Paul suffered a stroke at 48. He’s on disability and feeling lost. How does he figure out what’s next?
Should Ashley’s aging parents spend a third of their retirement savings on a house?
Margaret is wondering if she could use her 401k for a down payment and save on her taxes.
An anonymous caller is concerned she won’t have enough access to cash if she retires at 50. Is an Indexed Universal Life policy the right solution?
Former financial planner Joe Saul-Sehy and I tackle these four questions in today’s episode.
P.S. Got a question? Leave it here.
Here are the details:
Paul asks (at 02:45 minutes): I’m 48 and on disability from a recent stroke.
I’m doing pretty well, but I can’t move my right arm or hand. I can type slowly with my left hand, but with the mild aphasia I suffer from, my company doesn’t want to put me out there and I don’t disagree.

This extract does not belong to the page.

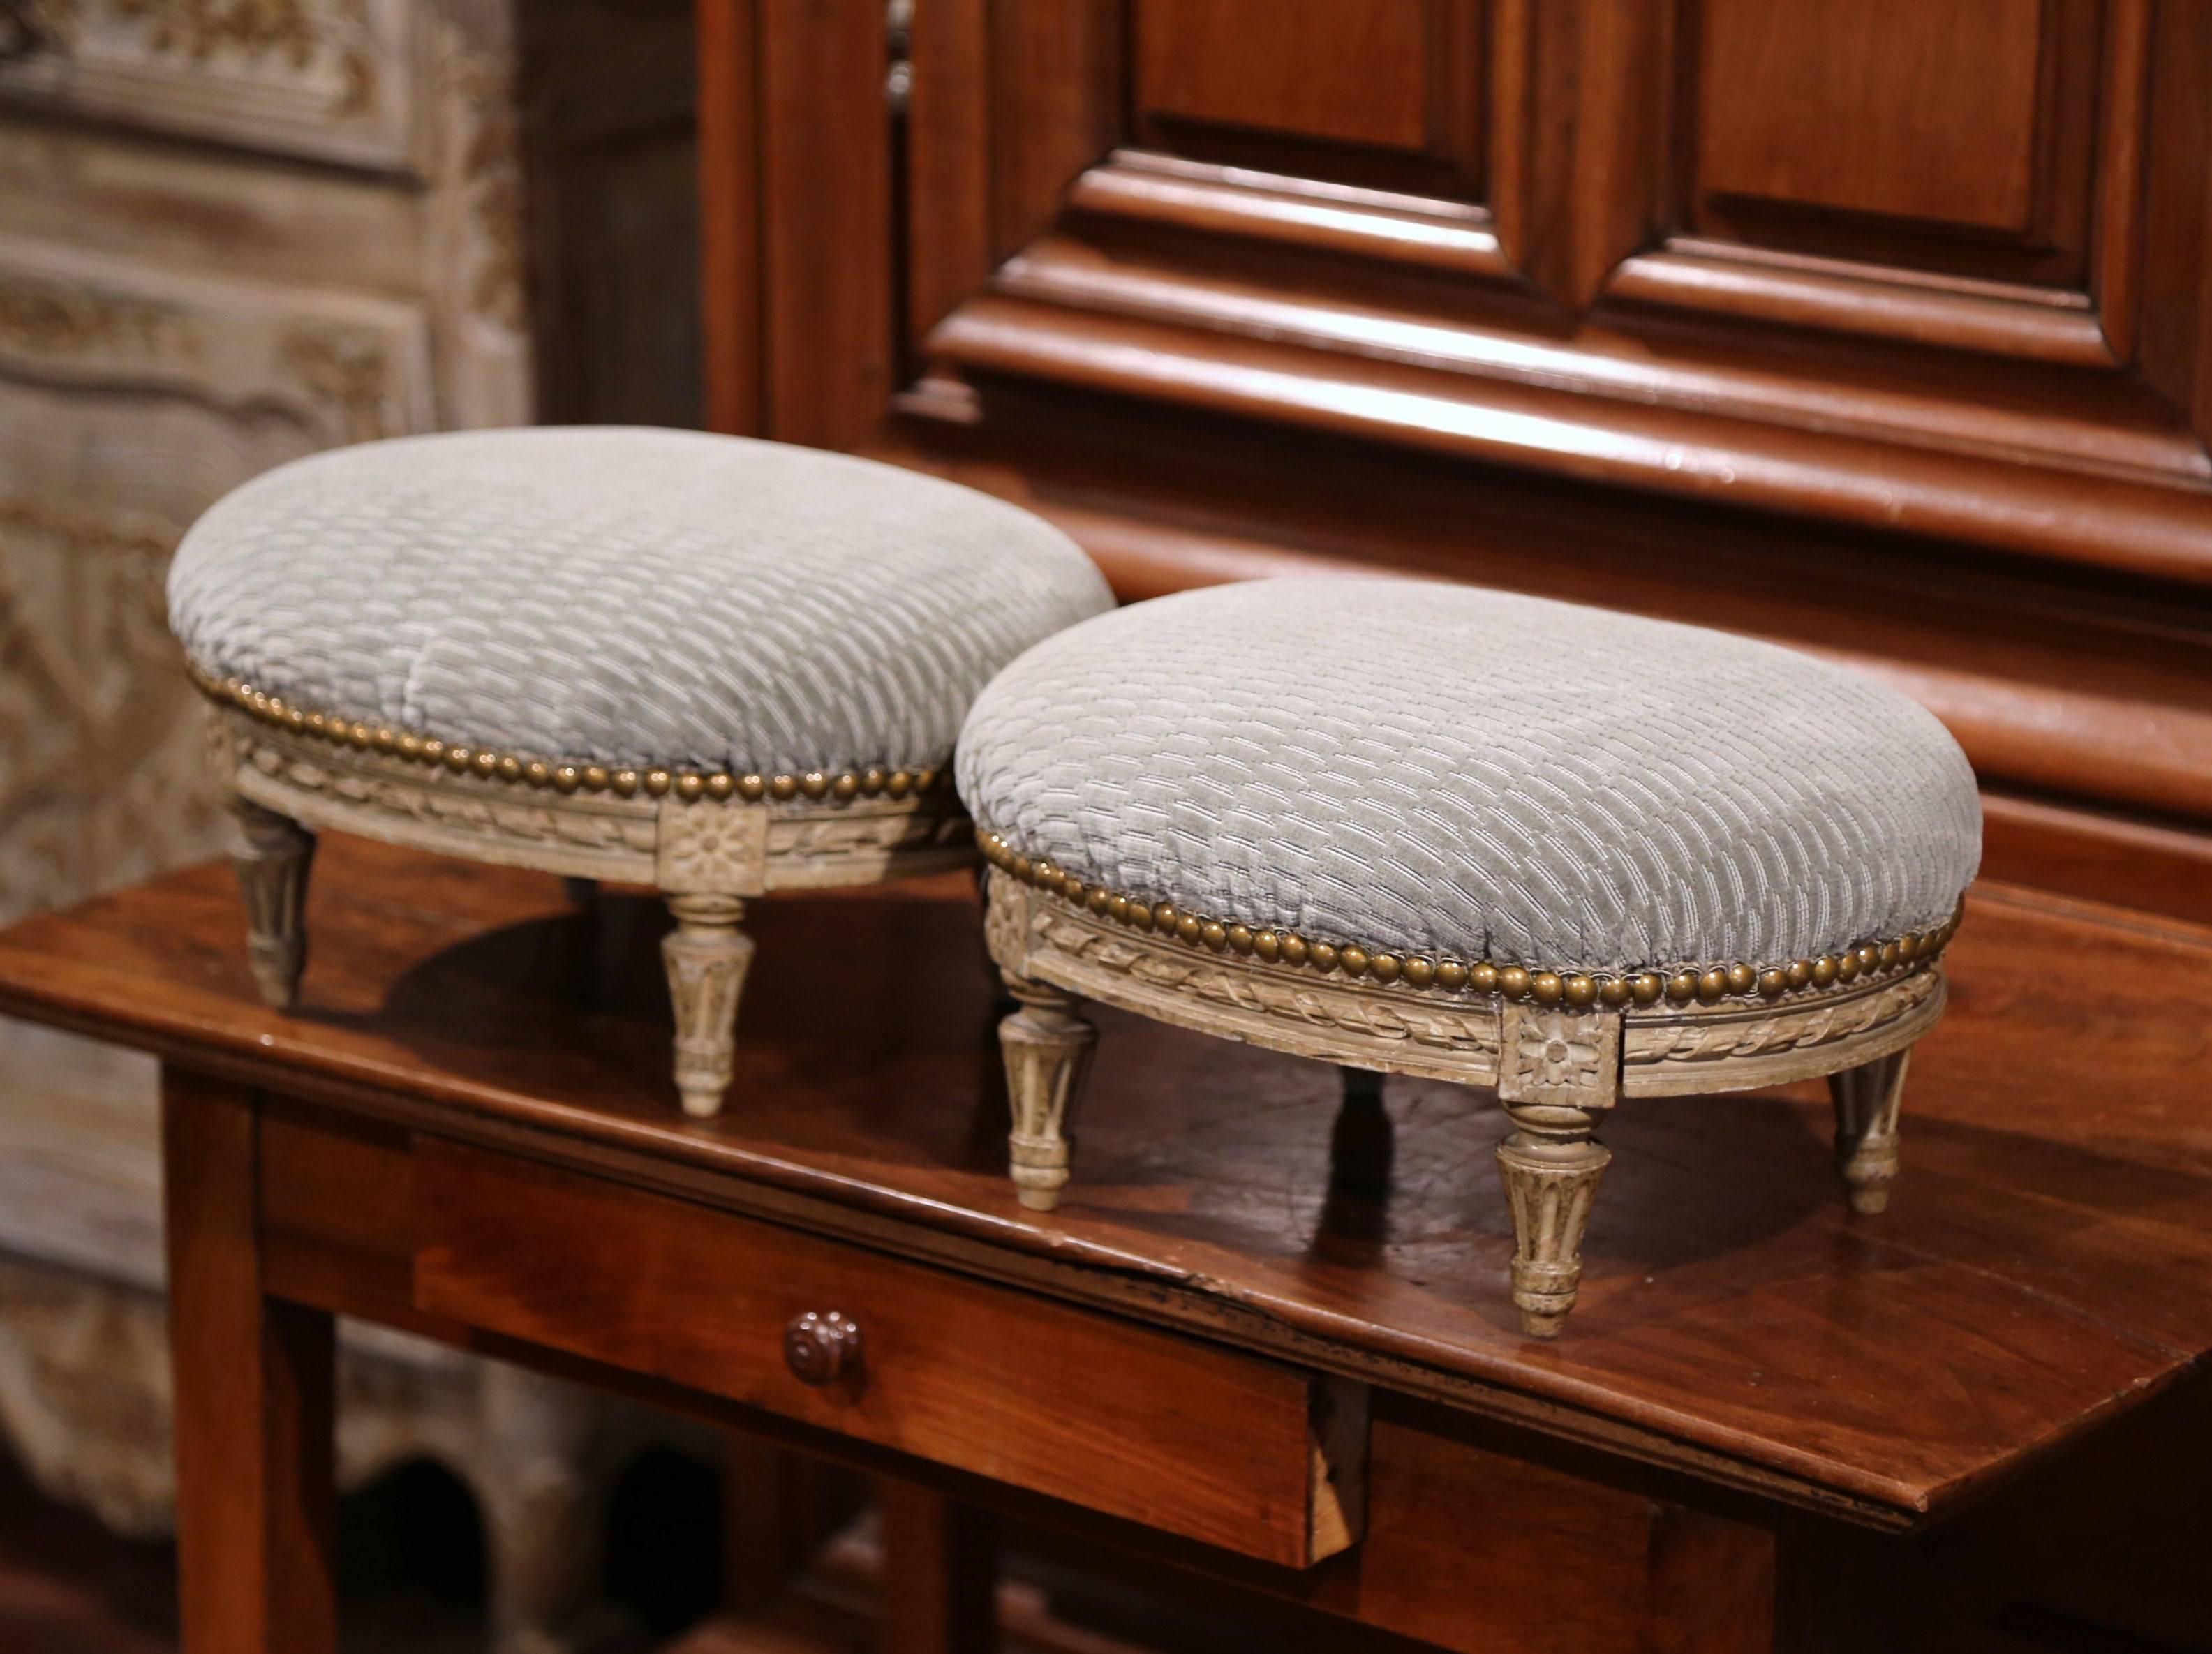 Elegant pair of antique footstools from Paris, France; crafted circa 1870, each oval stool features wonderful carving including carved medallions and tapered legs. They have the original painted finish and have been reupholstered with a blue velvet

I have up to a year of long-term disability at $10,000 a month and I plan to stay on my insurance as long as possible.
I feel like I should go back to work, but I’m not sure I want to. I’ve enjoyed being around the house.
What should I do?
My wife and I own our home outright. It has two apartments that we rent to our kids, and we make $1,000 a month combined from them.
We have $1.6 million in retirement accounts and two investment properties under construction that we owe $400,000 on.
My wife’s small business makes between $200,000 to $1 million a year. Including the property it sits on, it’s worth anywhere from $3 million to $5 million.
I make a lot more money when I’m working, probably twice as much. But my existing work will likely disappear the minute I come off disability.
I know you can’t make a specific recommendation and it’s impossible to answer a question this big, but I’m lost. Do I work or not?
It’s likely too early to retire, so what do I do?
Ashley asks (at 21:22 minutes): Does it make sense at my parents’ age to buy a home for $350,000?
My dad is 81 and my mom is 76.
They rent an apartment for $2,500 a month and they have $1,000 in additional expenses.
They have $700,000 in mutual funds and Roth accounts and $300,000 in cash. They don’t have any long-term insurance or life insurance.
I hate for them to waste money paying rent and I’m wondering if this would be a good investment in case they need it as a nursing home later on.
Margaret asks (at 33:35 minutes): Should we save cash for a down payment on our next investment property? Or use a 401k loan to reduce our tax liability?
My husband and I house hack a four-unit in Chicago that we bought in early 2021.
The building needed a lot of renovation, which we covered with savings and cash flow from my job. We’ve stabilized the project and we’re planning for our next purchase.
Our combined income is $200,000. We have $40,000 in cash and save $4,000 a month after my 401K contributions.
We’d need $60,000 for our next down payment and additional cash for a likely renovation.
Since I only contributed $10,000 to my 401K this year, should I max it out and then use a 401K loan for the purchase?
I could borrow up to $50,000 which could cover the down payment and cash reserves.
We’d plan to pay down the loan as quickly as possible and it doesn’t appear that I’d lose the ability to make further contributions.
Is this a good idea or are we playing with fire?
Anonymous asks (at 49:33 minutes): My financial advisor recommended that I invest in Indexed Universal Life (IUL) Insurance but I’m not sure if this is a smart move for me.
My goal is to make work optional by age 50. Given that goal, my advisor suggested that IUL would allow me to bridge the cash gap before I can tap into retirement savings at age 65.
I’m a single 41-year-old woman and I don’t plan to have children.
My base salary is $185,000, with an annual bonus ranging from $50,000 to $80,000. I recently started saving and investing 50 percent of my income.
I bought a home in 2020 on a 20-year mortgage. It’s worth $675,000 with $317,000 left on the loan.
I have $92,000 in a Roth IRA, $40,000 in a traditional IRA, and $400,000 in my 401k.
I have $162,000 in a brokerage account that I regularly contribute to. It’s a mix of individual stocks and funds, with $30,000 of uninvested cash.
Outside of the mortgage, I don’t have any debt, though I’m thinking through how best to fund a $40,000 home improvement project this year.
The information that my advisor provided is compelling, but I’m not familiar with this vehicle and some of it sounds too good to be true. I found articles online that mention high fees and more risk.
What’s your take on Indexed Universal Life?